🤖 AI Summary
Current vision-language models (VLMs) excel at image-level understanding but struggle with precise 3D localization and open-vocabulary recognition in zero-shot 3D instance segmentation. To address this, we propose a training-free hard visual prompting method: leveraging 3D Gaussian splatting to render multi-view images of target objects, followed by camera pose interpolation to generate geometrically consistent view sequences—requiring no 2D–3D alignment, model fine-tuning, or optimization. This is the first work to seamlessly extend hard visual prompting to zero-shot, instance-level, open-vocabulary 3D segmentation by aligning VLM features across rendered views. Evaluated on ScanNet and S3DIS, our method achieves a +12.3% mAP@50 improvement over prior approaches.
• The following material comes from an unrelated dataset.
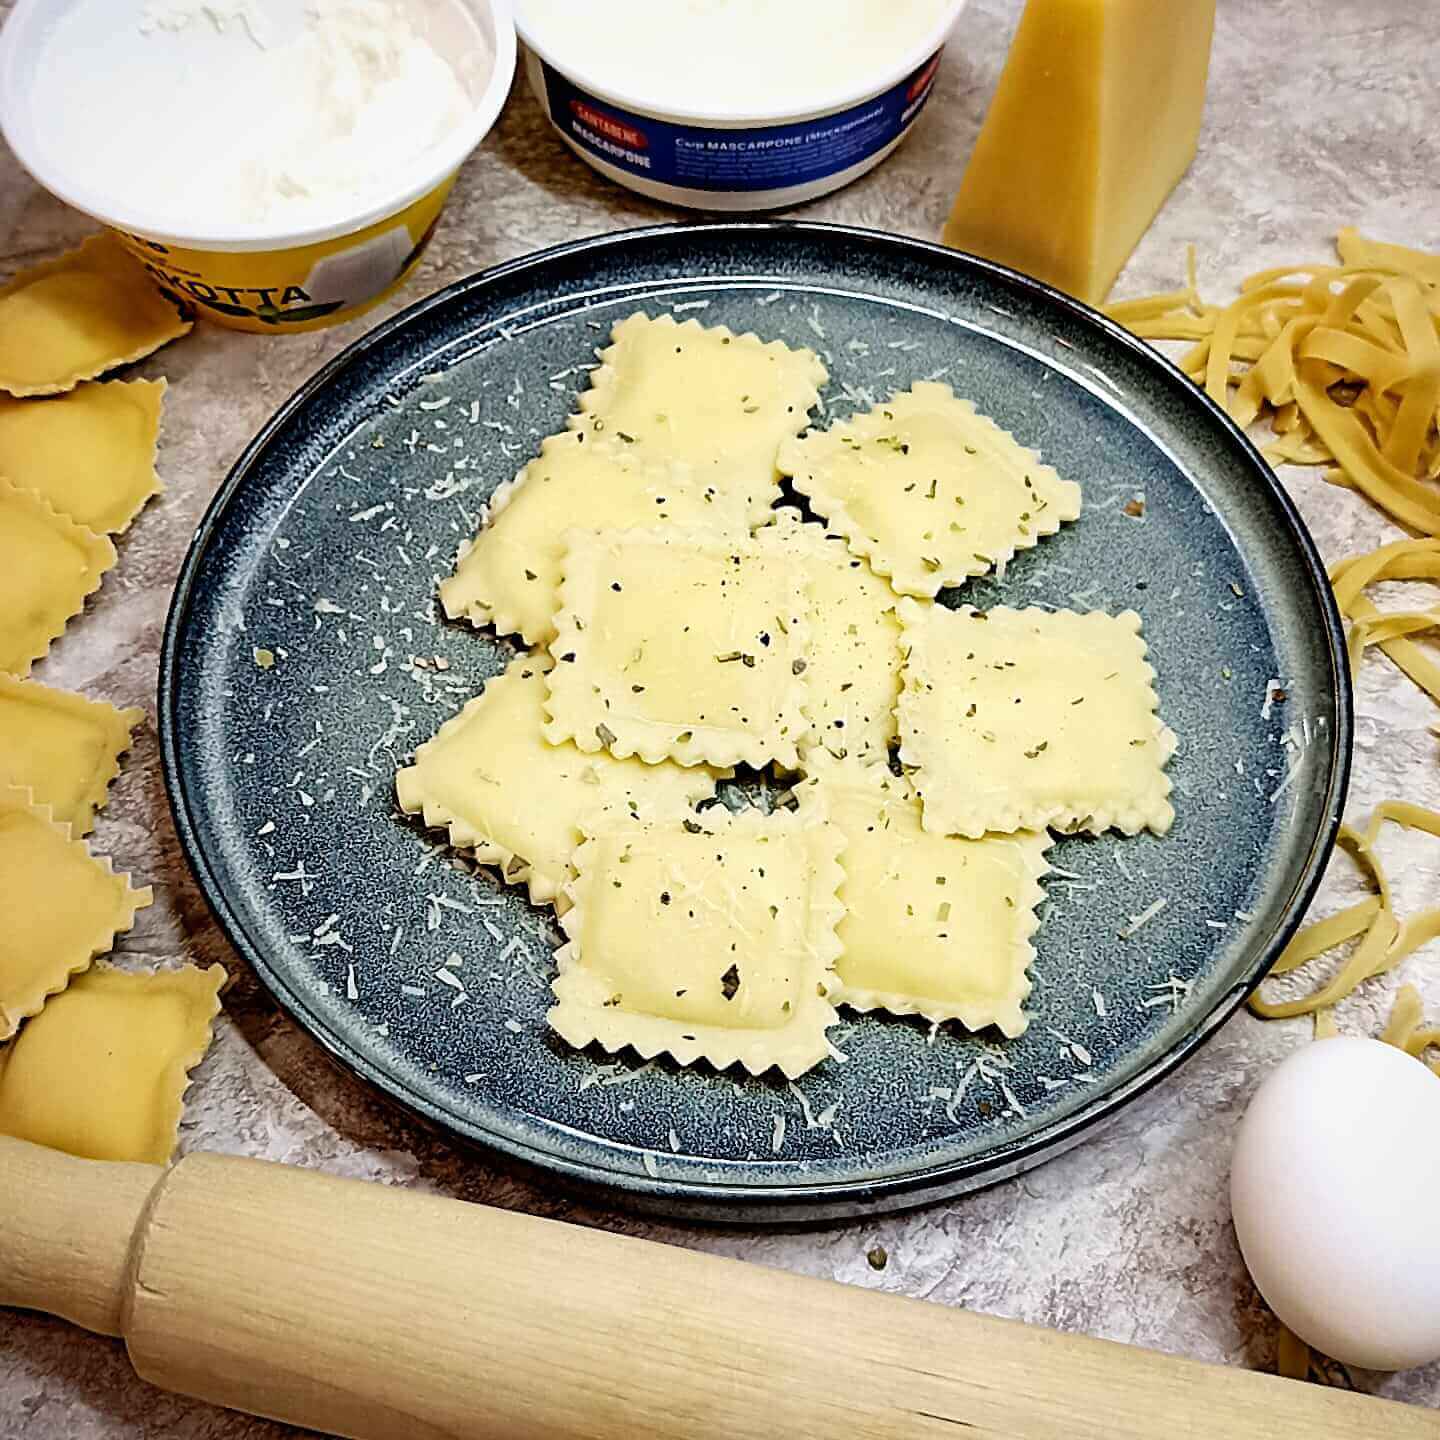 Cheese ravioli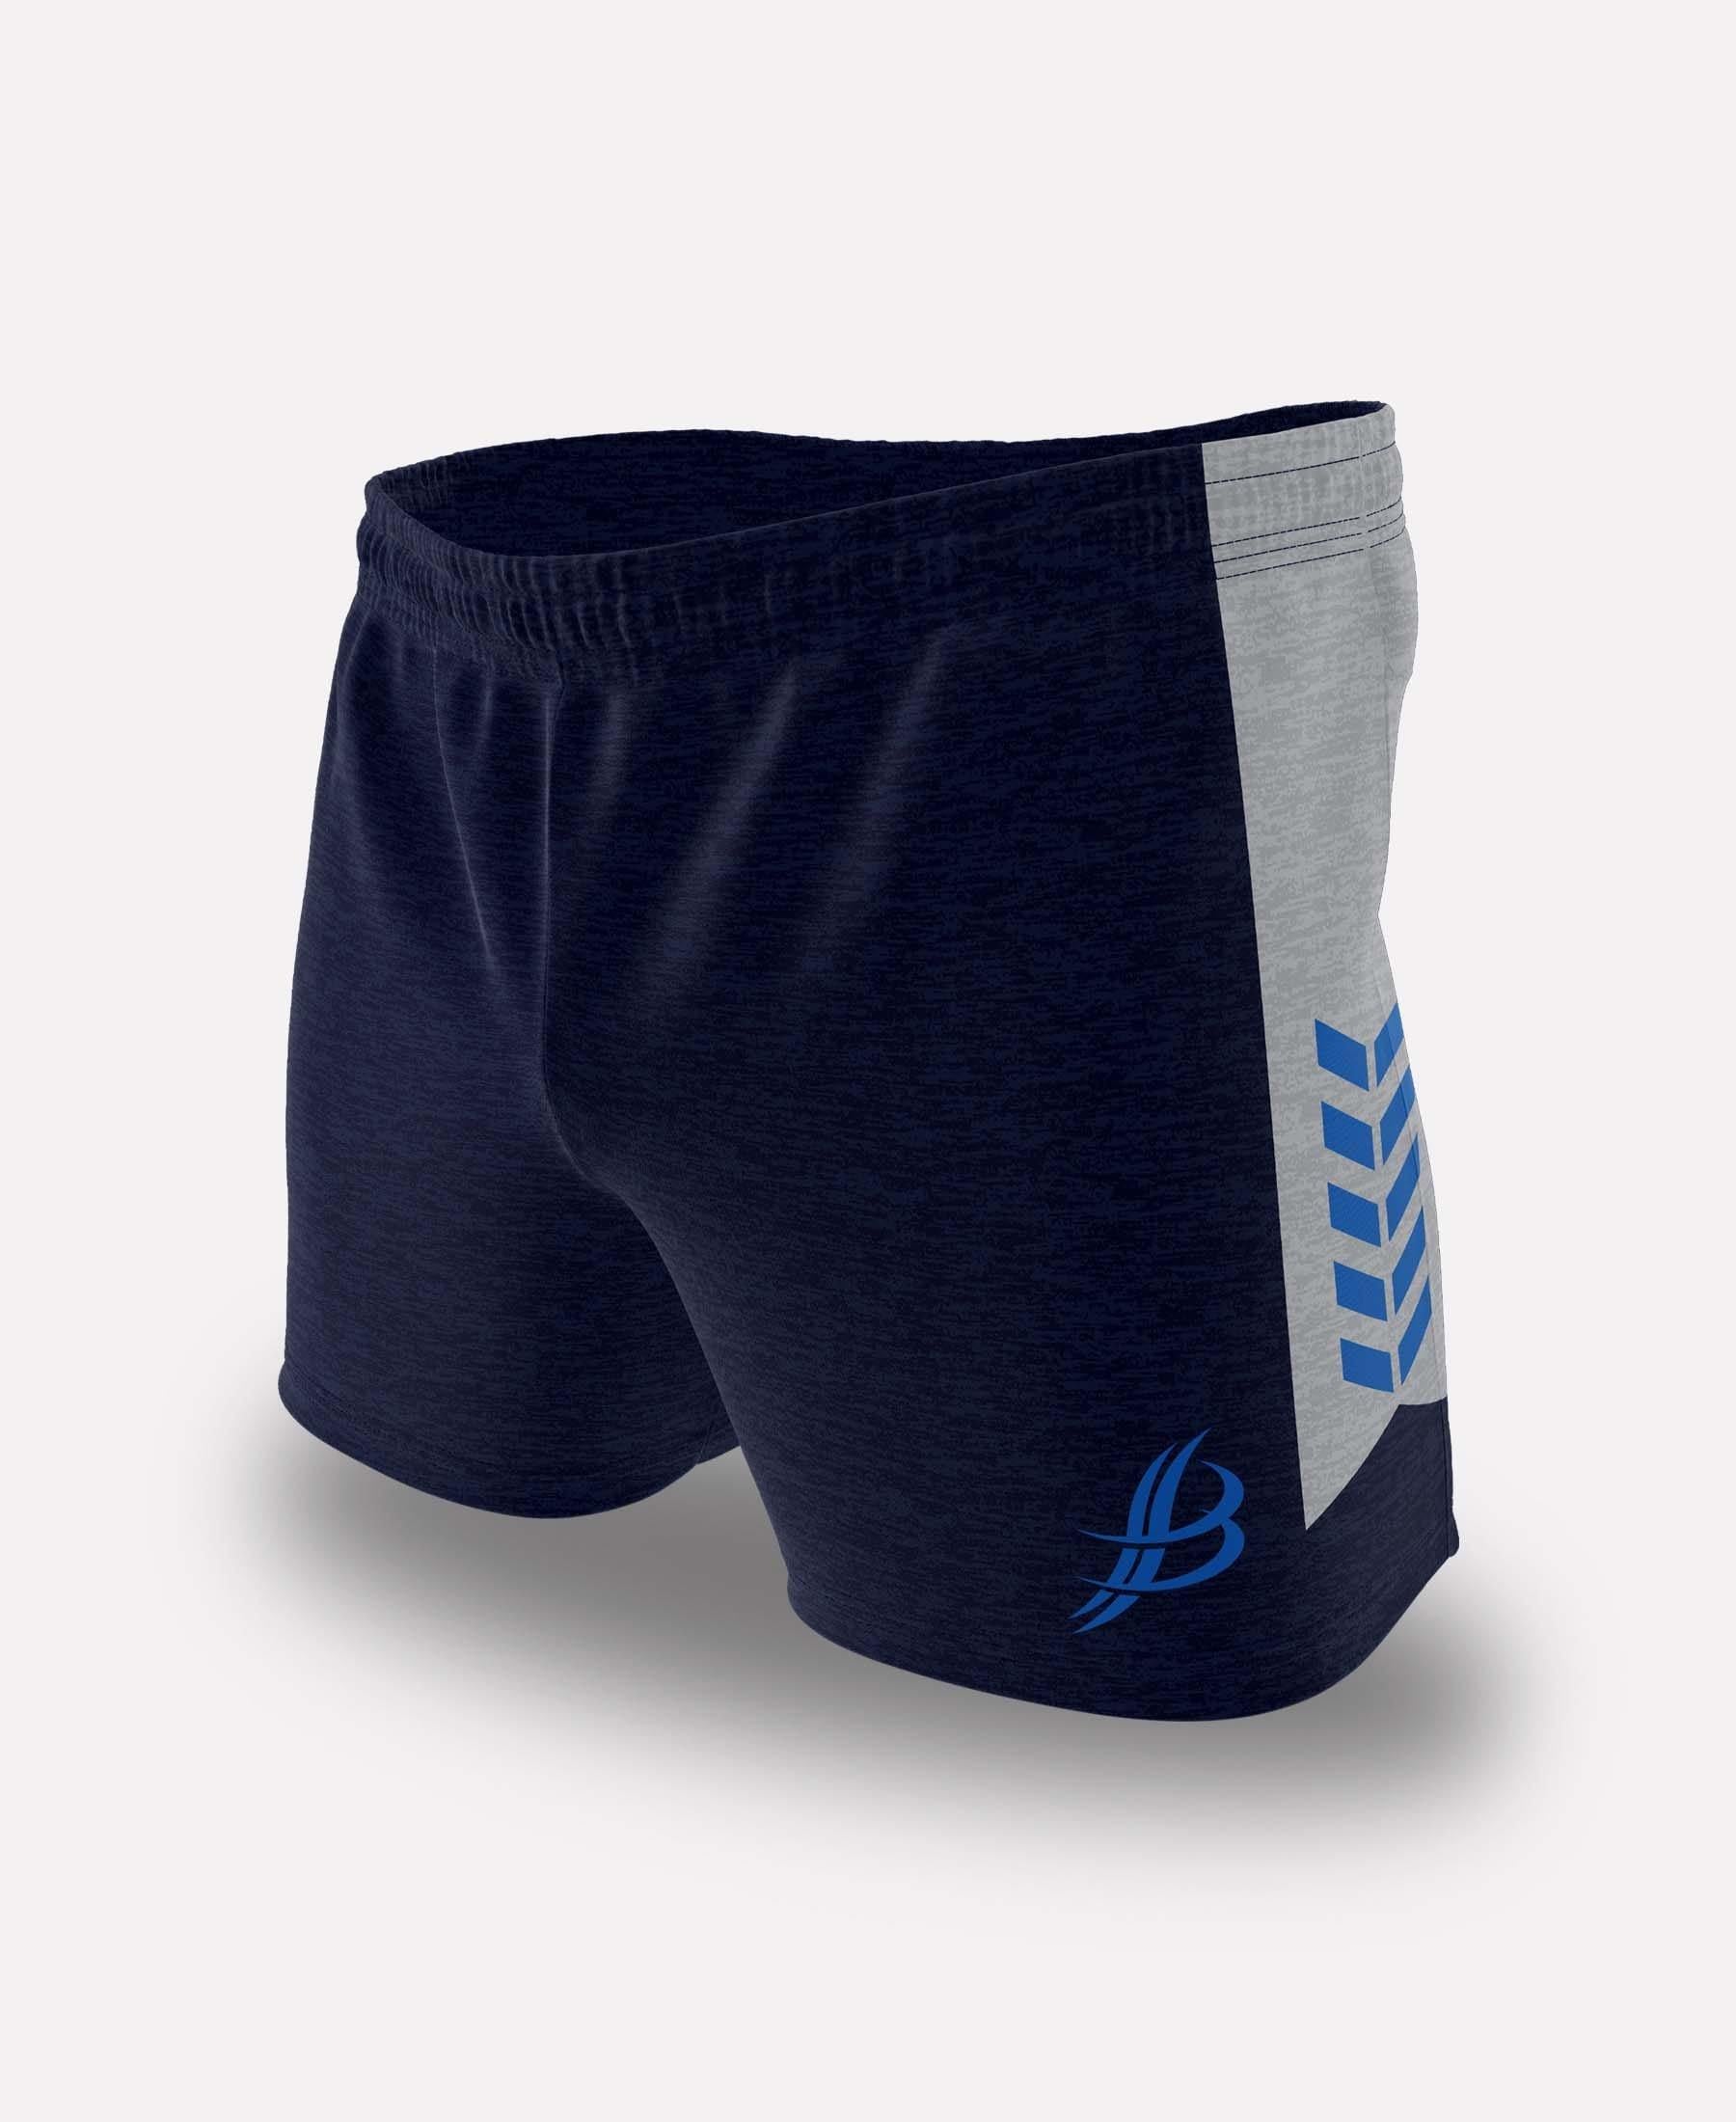 BUA20 Shorts (Navy/Grey/Royal) - Bourke Sports Limited

It enables segmentation of unseen categories using arbitrary natural language descriptions, significantly enhancing robustness and generalization in 3D perception.
📝 Abstract
Vision-language models (VLMs) have demonstrated impressive zero-shot transfer capabilities in image-level visual perception tasks. However, they fall short in 3D instance-level segmentation tasks that require accurate localization and recognition of individual objects. To bridge this gap, we introduce a novel 3D Gaussian Splatting based hard visual prompting approach that leverages camera interpolation to generate diverse viewpoints around target objects without any 2D-3D optimization or fine-tuning. Our method simulates realistic 3D perspectives, effectively augmenting existing hard visual prompts by enforcing geometric consistency across viewpoints. This training-free strategy seamlessly integrates with prior hard visual prompts, enriching object-descriptive features and enabling VLMs to achieve more robust and accurate 3D instance segmentation in diverse 3D scenes.